I think the biggest…the efficacy, phenomenal, again, but the other big things to really watch out for, though, will be how we apply it in the real world, and again, having a specialist to help you with this. The infection rate, so the infection rate was over 90 percent as well, and about 53 percent had grade 3 to 4 infections, meaning that they ended up in the hospital, or were getting IV antibiotics, so not just a simple cold or anything like that.
And so, everybody started getting IVIG. There were, unfortunately, deaths on the, on the study initially because of COVID, and when patients weren’t getting IVIG. When everybody started getting IVIG, patients had a lower risk of death from infections, but really the supportive care is really important with these bispecifics.
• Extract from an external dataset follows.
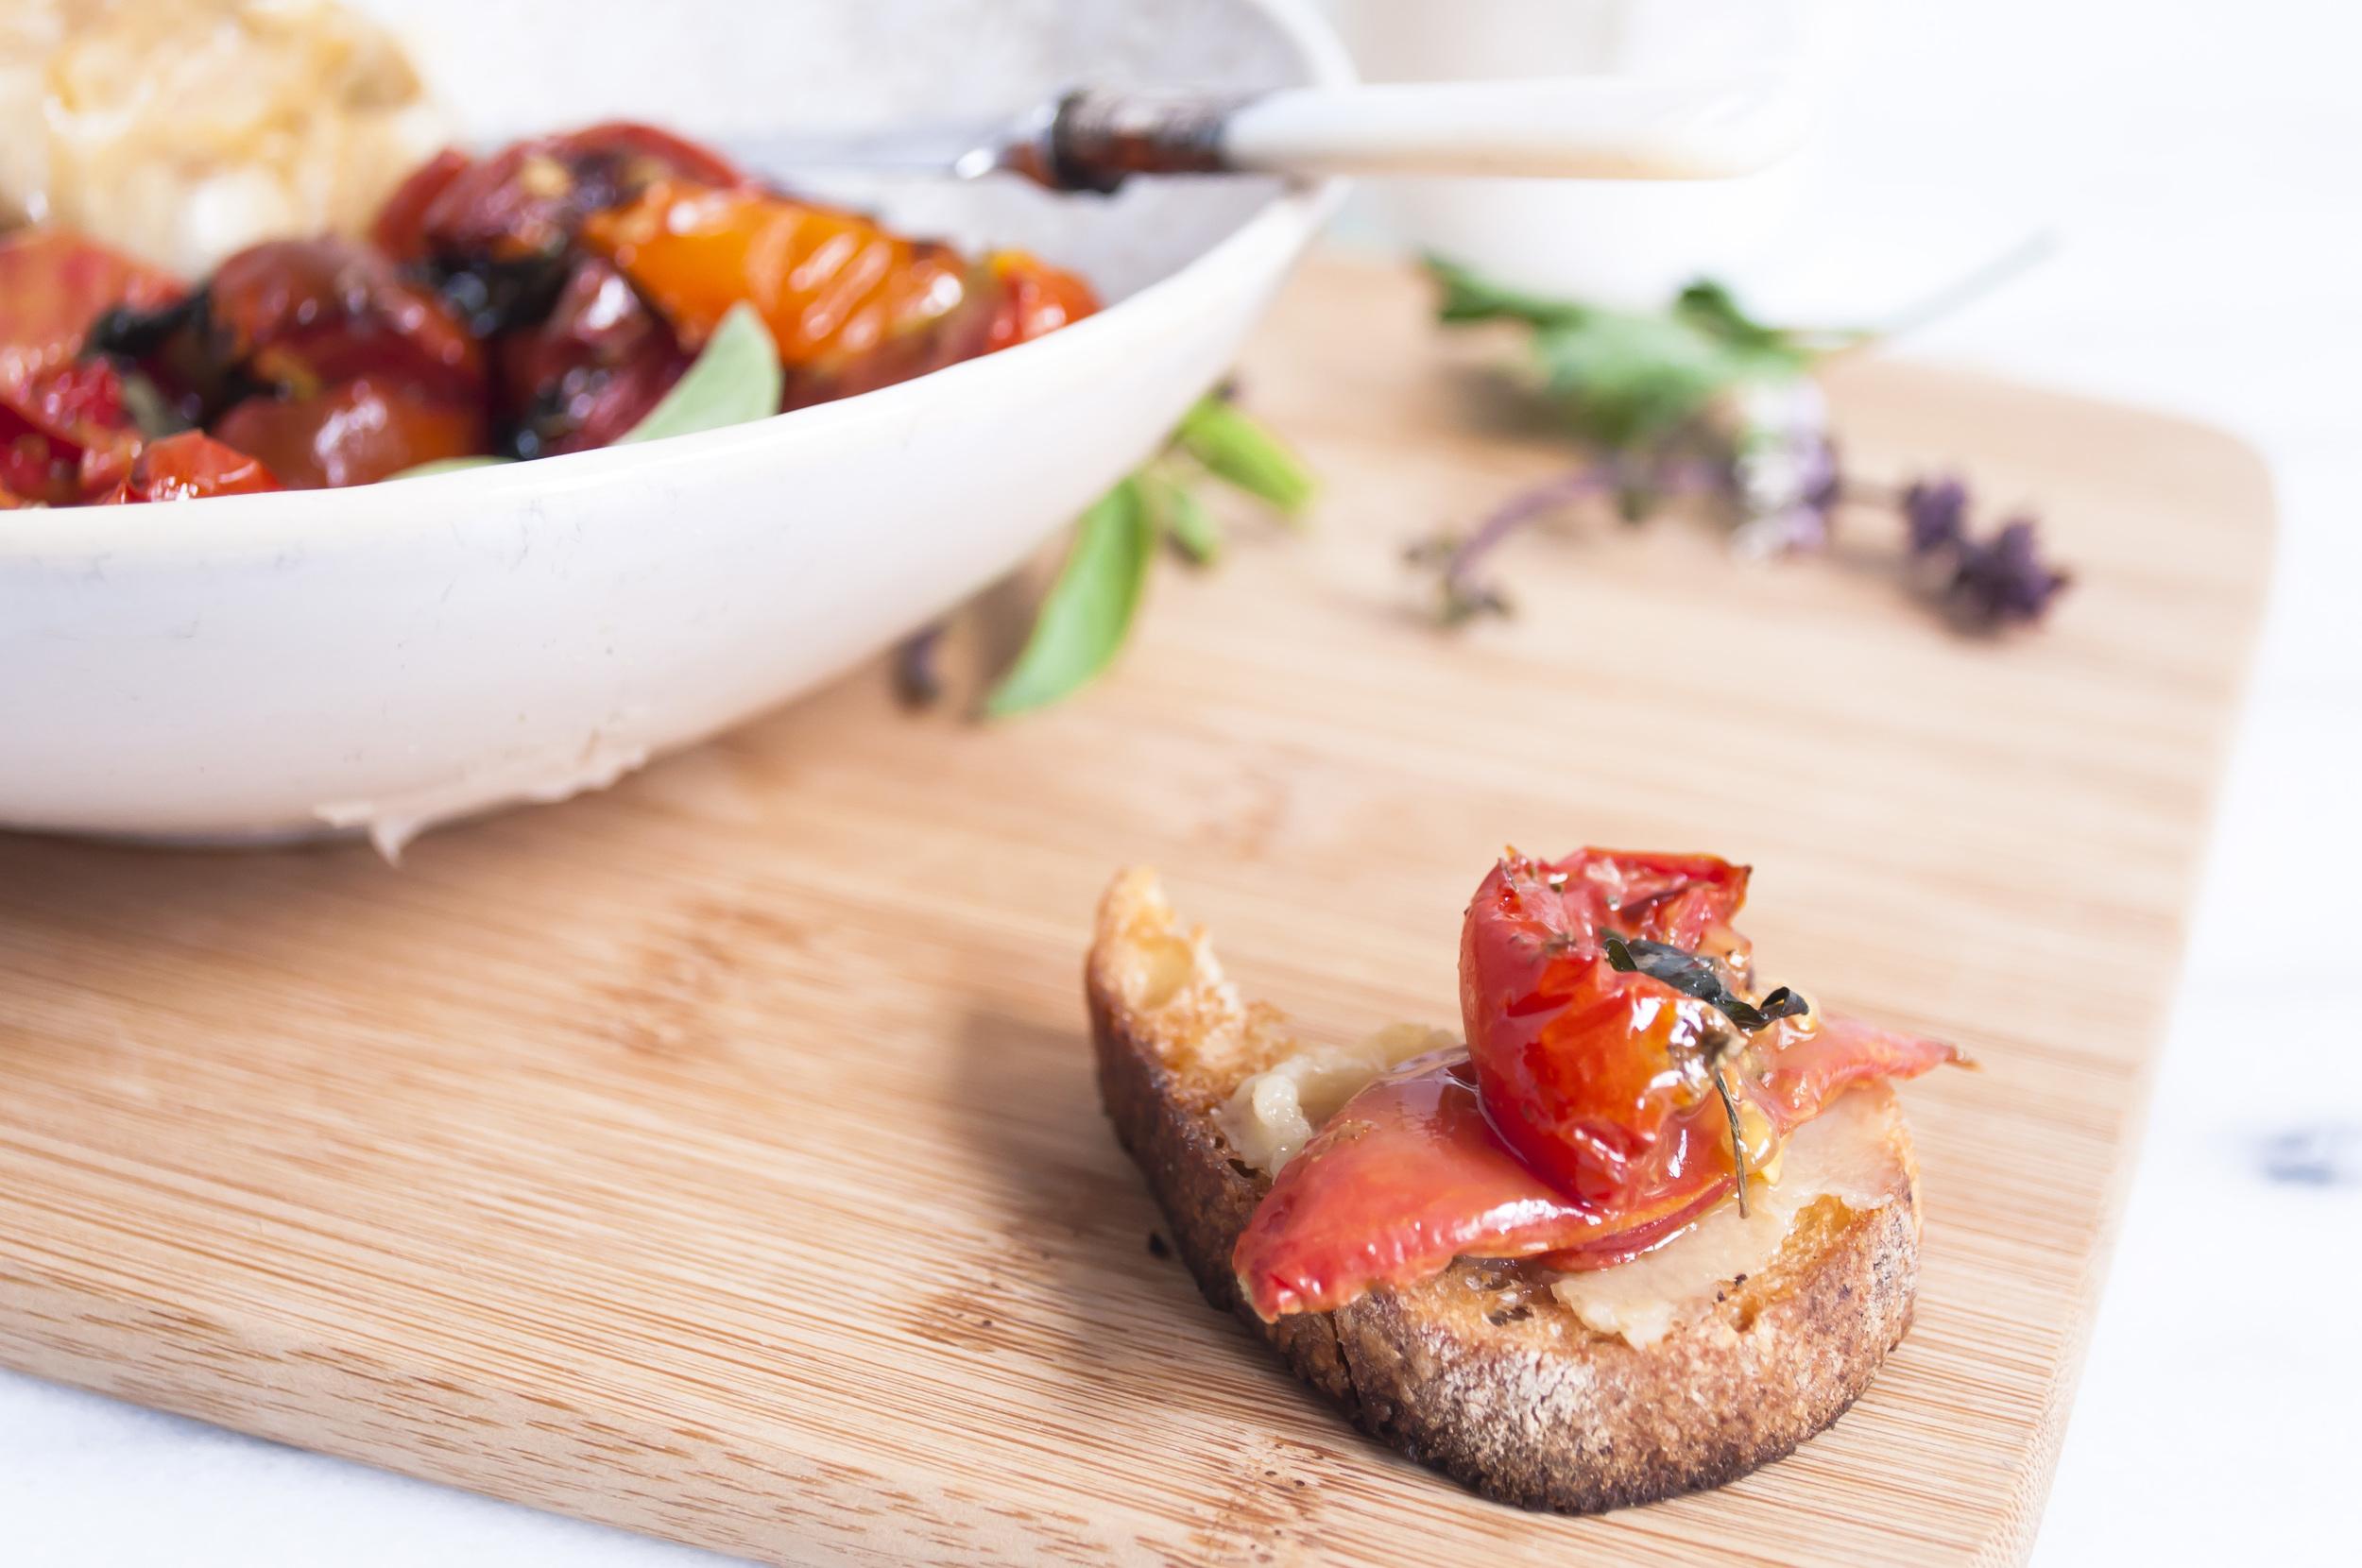 Roasted Garlic and Heirloom Cherry Tomatoes on Toast

And again, I think in the future, it’s going to be interesting. You know, I told people that for my patients, we started giving this, if I can get it approved as of right now after CAR T, or after they’ve had other cell therapies. And, so far, again, it’s early, but they’re doing well, but really the…prophylaxis and the supportive care you need is really important.
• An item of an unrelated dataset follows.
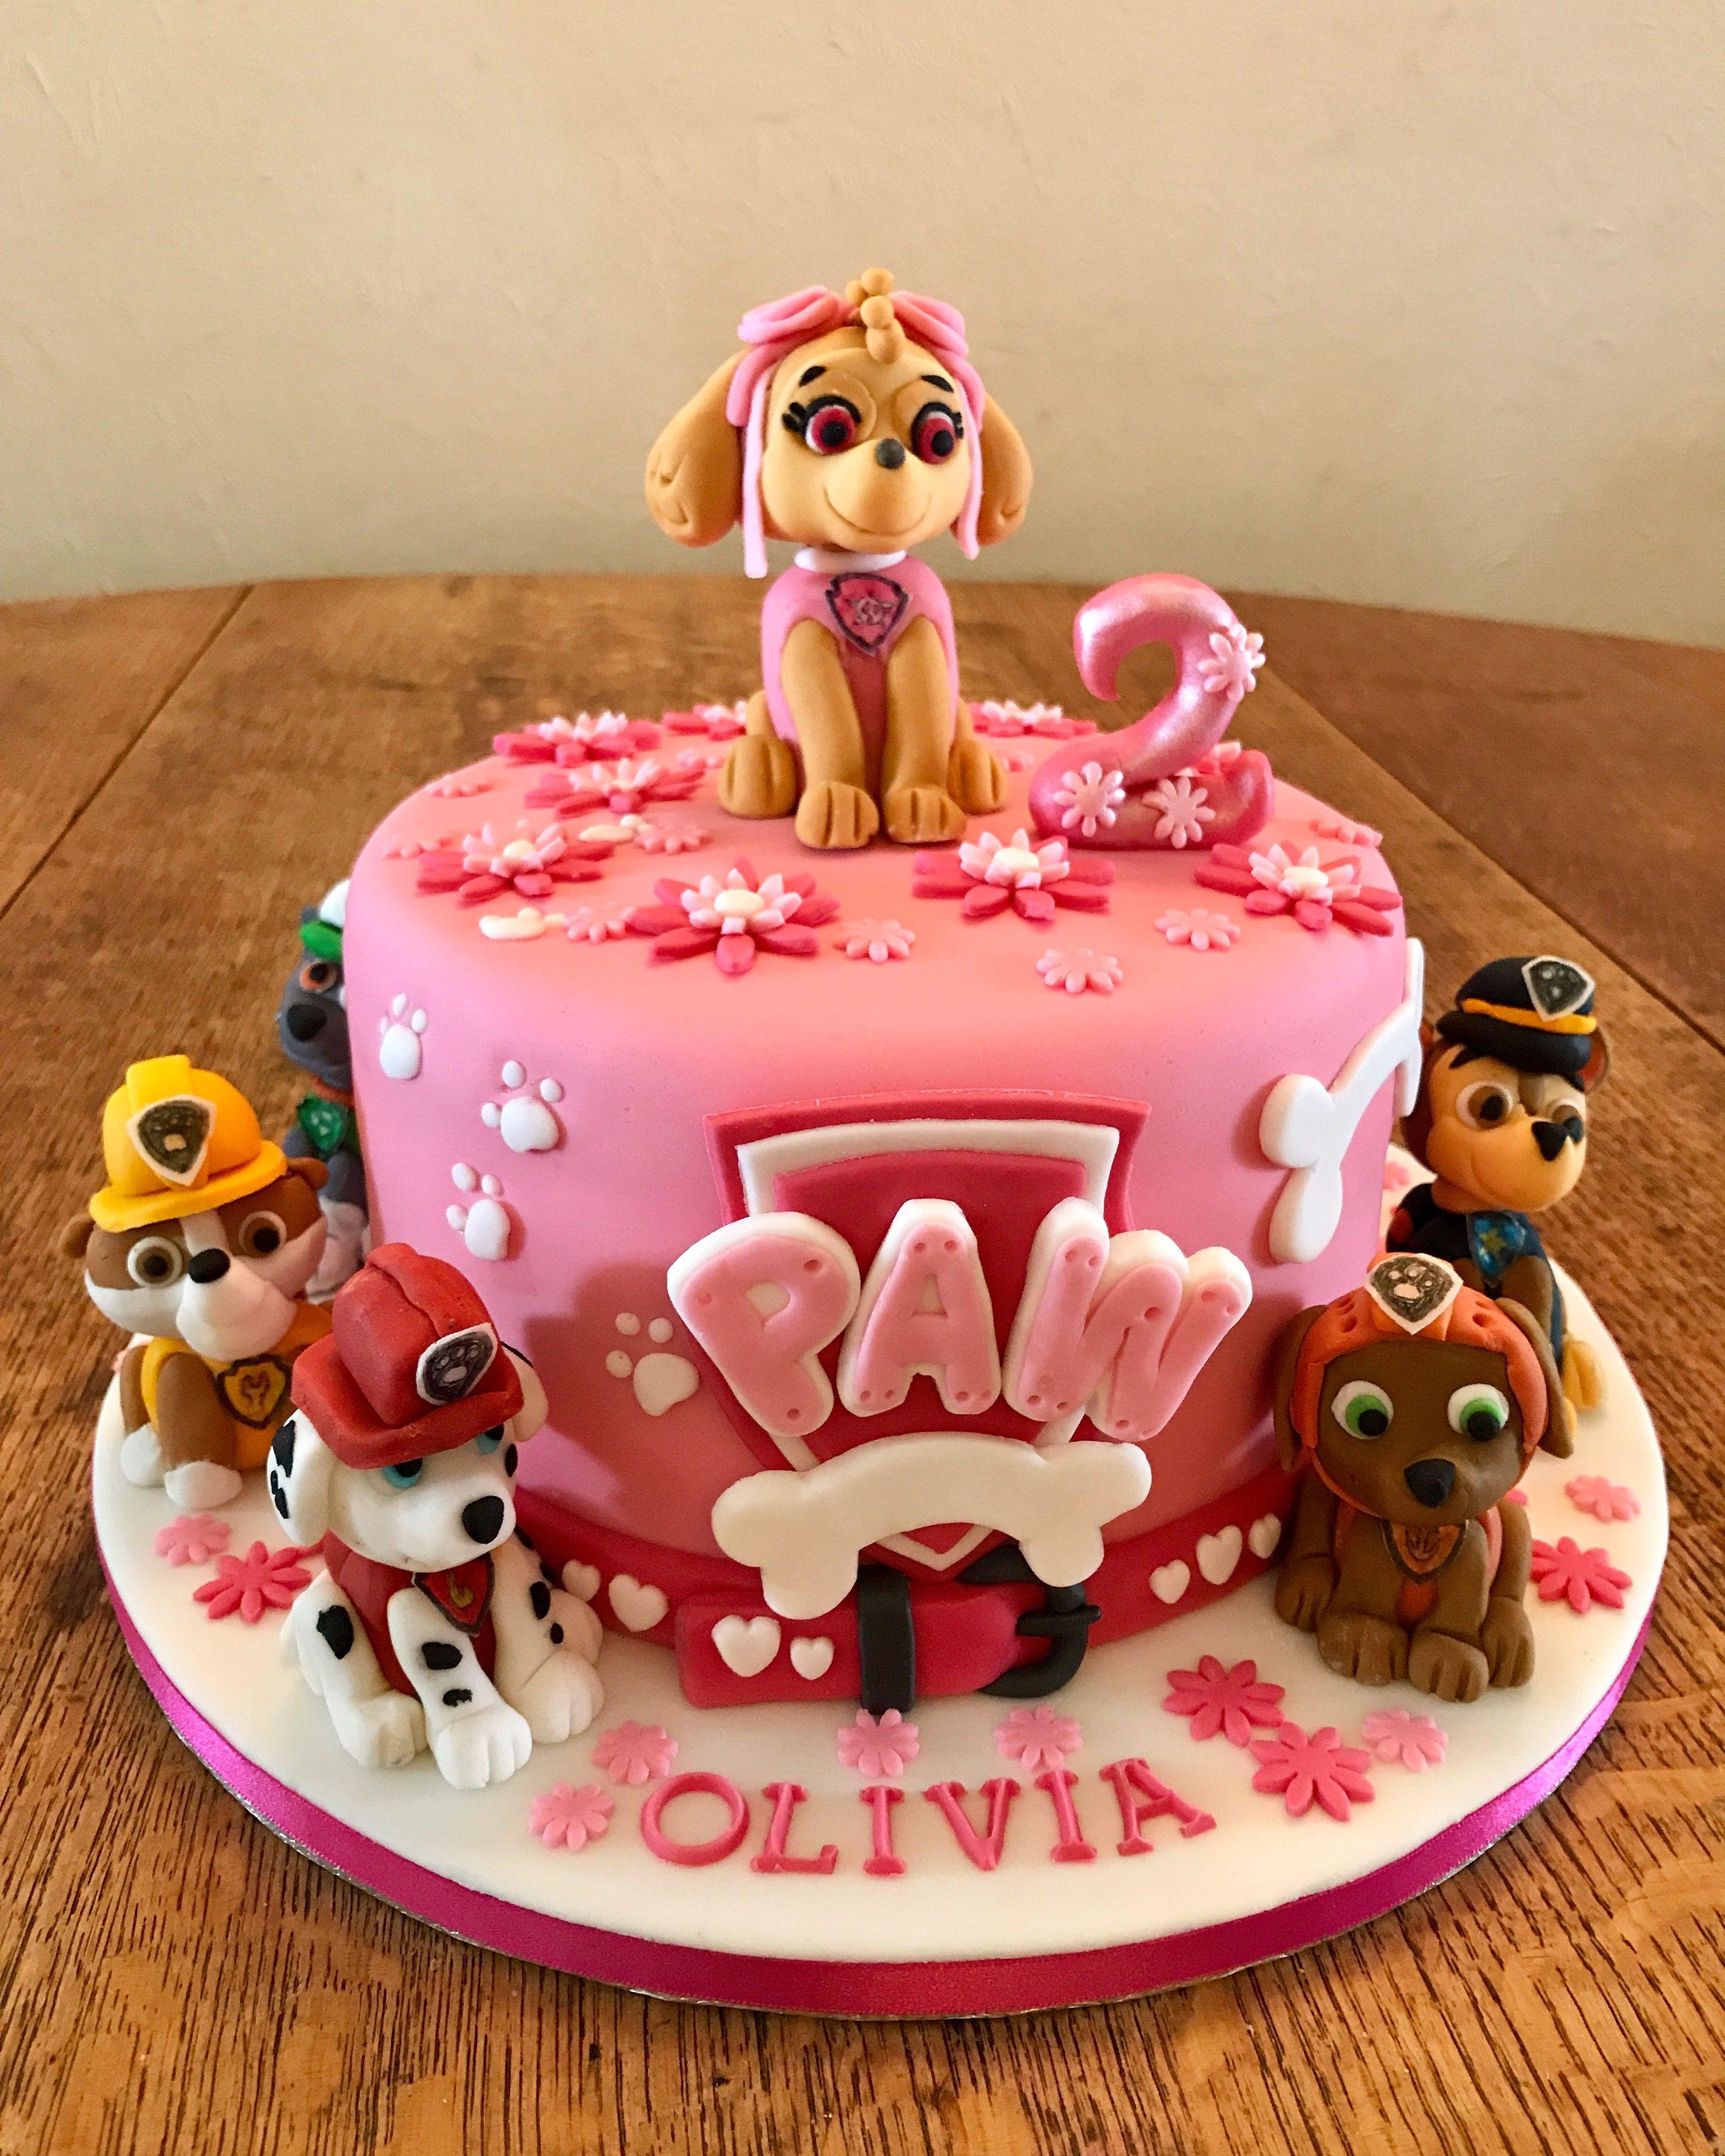 Paw Patrol Skye Cake Lillie 3rd Birthday In 2019 Paw

So the IVIG, making sure you’re not only on, you know, anti-shingles, or varicella treatments like valacyclovir (Valtrex), but also on anti-PJP prophylaxis continuously, something like sulfamethoxazole/trimethoprim (Bactrim) or atovaquone (Mepron) or something else, but…really, all of the supportive care is just as important as the treatment to make sure you don’t get side effects. But again, a great option for folks who don’t go to CAR T, or for after CAR T.
Lisa Hatfield:
And then, was that trial, was it looking at a limited duration of daratumumab and teclistamab, or is this ongoing until progression?
Dr. Krina K. Patel:
It is continuous. So that’s one of my biggest takeaways, too, is that…in the real world, I will stop it or go to every 3 months. They did go to monthly after a while, but even monthly is still a lot in terms of your, hitting your immune system. So, I do believe that there’s other companies that are trying to do limited or the real world. We’re doing a lot of limited duration-type studies, because again, we want patients to be able to come off all of this and kind of get their immune systems back. I think the CELMoDs are going to be great to try to bring it back, but again, letting your body just rest will also help, and maybe help a little faster.
Lisa Hatfield:
Yeah, well, great. Thank you for explaining that. That’s really important information, too.